Lastly, it's amusing that others were blogging about Heideggerian AI just after we discussed it. The subject must be in the air :-)

Monday, January 21, 2008

Cybernetic Totalism

On Sunday, November 25, 2007 the Emergent Epistemology Salon met to talk about Jaron Lanier's December 2000 essay in Wired "One-Half of a Manifesto: Why stupid software will save the future from neo-Darwinian machines". Here is an excerpt from the beginning of the essay:

I hope no one will think I'm equating cybernetics and what I'm calling cybernetic totalism. The distance between recognizing a great metaphor and treating it as the only metaphor is the same as the distance between humble science and dogmatic religion.

Here is a partial roster of the component beliefs of cybernetic totalism:
1. Cybernetic patterns of information provide the ultimate and best way to understand reality.
2. People are no more than cybernetic patterns.
3. Subjective experience either doesn't exist, or is unimportant because it is some sort of ambient or peripheral effect.
4. What Darwin described in biology, or something like it, is in fact also the singular, superior description of all creativity and culture.
5. Qualitative as well as quantitative aspects of information systems will be inexorably accelerated by Moore's law.

And finally, the most dramatic:
6. Biology and physics will merge with computer science (becoming biotechnology and nanotechnology), resulting in life and the physical universe becoming mercurial; achieving the supposed nature of computer software.

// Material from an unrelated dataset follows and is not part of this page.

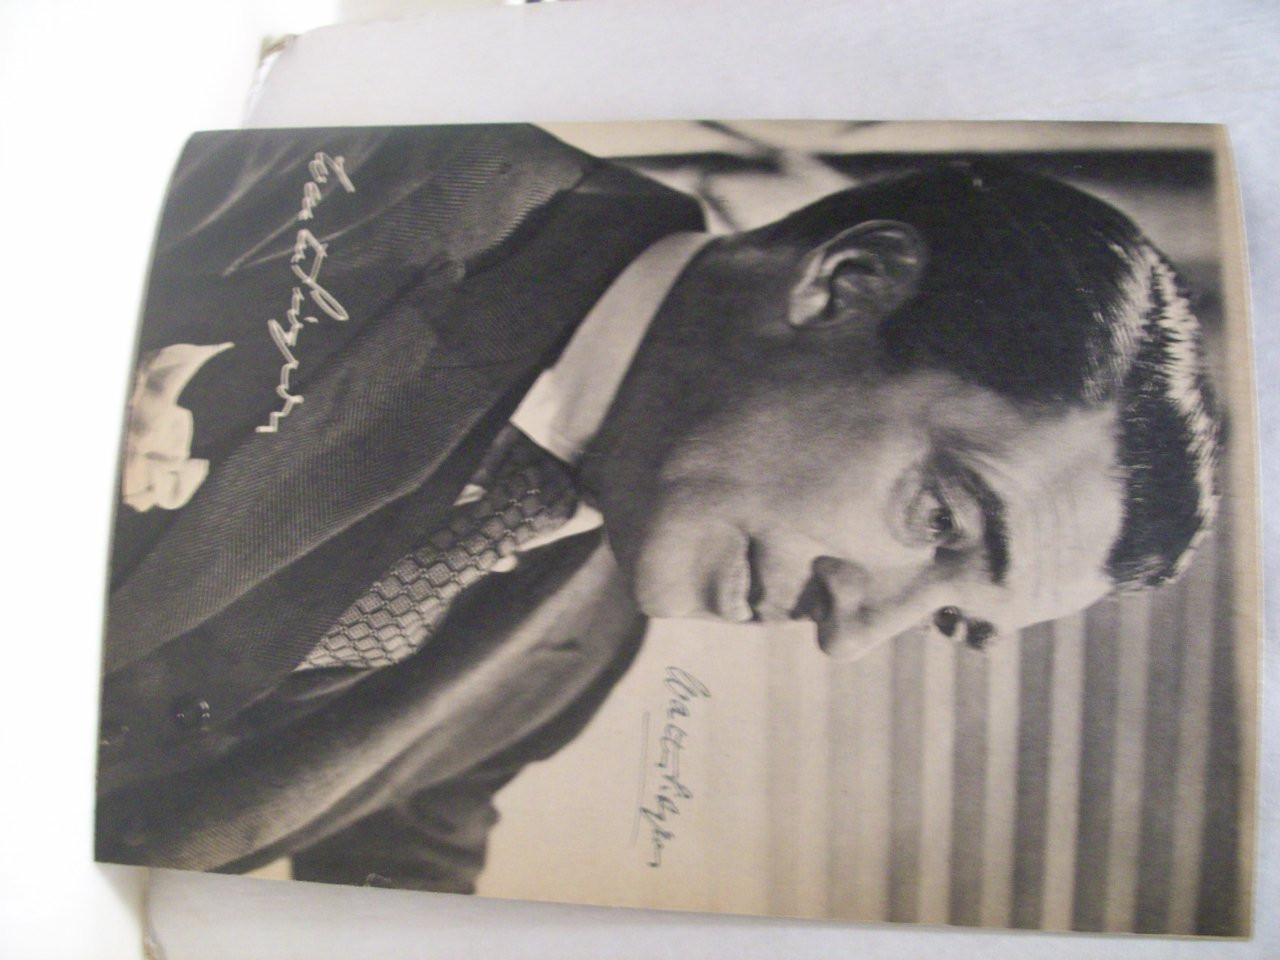 Pidgeon, Walter Photo Signed Autograph

Furthermore, all of this will happen very soon! Since computers are improving so quickly, they will overwhelm all the other cybernetic processes, like people, and will fundamentally change the nature of what's going on in the familiar neighborhood of Earth at some moment when a new "criticality" is achieved - maybe in about the year 2020. To be a human after that moment will be either impossible or something very different than we now can know.

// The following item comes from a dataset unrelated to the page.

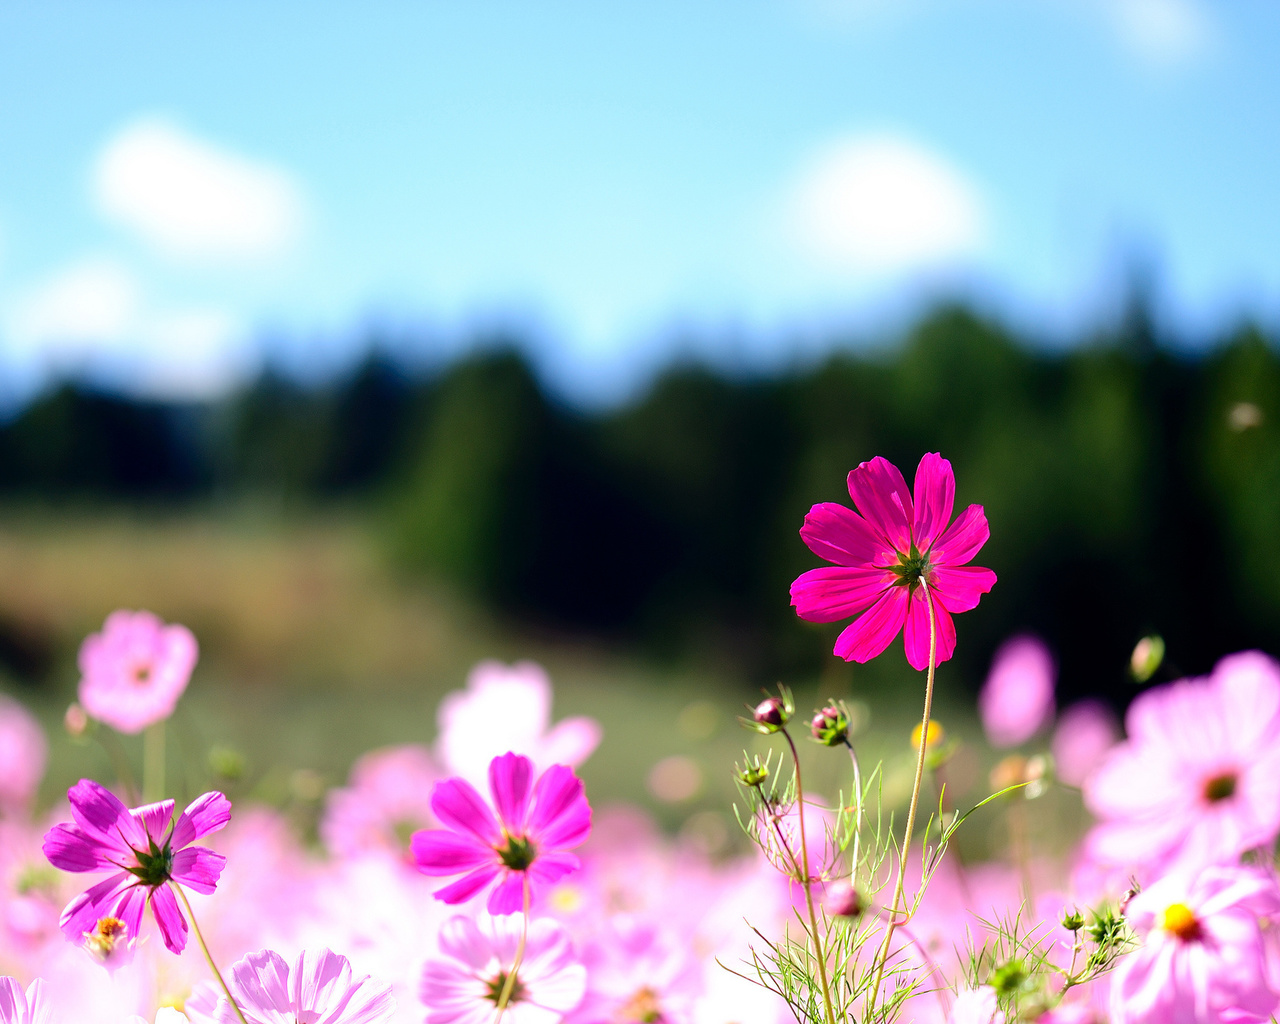 Картинки изображения лето

At the Salon we were all familiar with at least pieces of this sketched belief system (though in some cases the familiarity went with a degree of contempt). Our conversation wound around each of the issues distinctly with an effort to pull out some of the details and see what we thought of them specifically.

Once we had developed a common understanding of the six points there was some discussion about the degree to which the ideas were coherent. Do these ideas actually hang together? Is the final eschatological point really entailed by the first five? If so, do you need all five? And assuming it all hangs together, is everything true?

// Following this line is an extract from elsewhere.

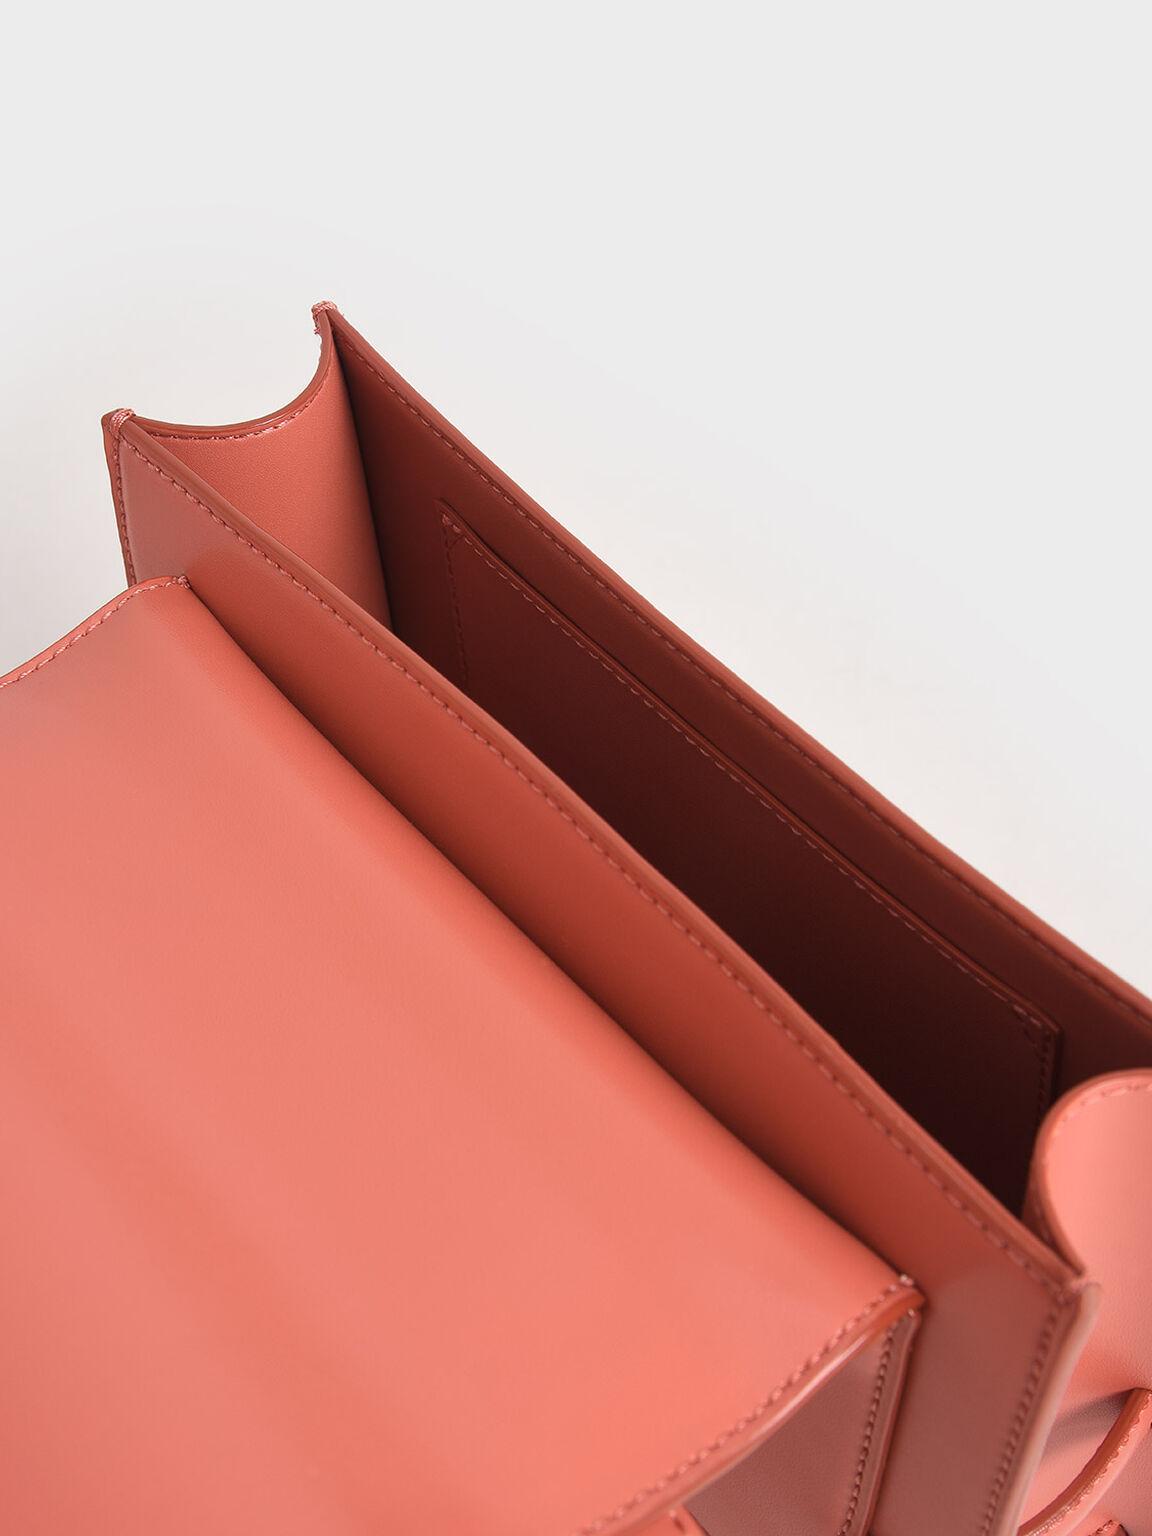 三角立體釦小方包, 珊瑚色, hi-res

The truth question shifted the conversation to our own agreements and disagreements about the state of computer science and artificial intelligence, but eventually we swung around to talk about the beliefs in more "religious" terms. How is cybernetic totalism psychologically stable? Leaving aside issues of truth, what do people get from being cybernetic totalists that causes them to hold onto and spread the ideas?

In the last part of the essay, Lanier explained why he didn't think the future would be as bleak as all that, but due to time constraints we mostly didn't talk about his vision of where things were headed and why.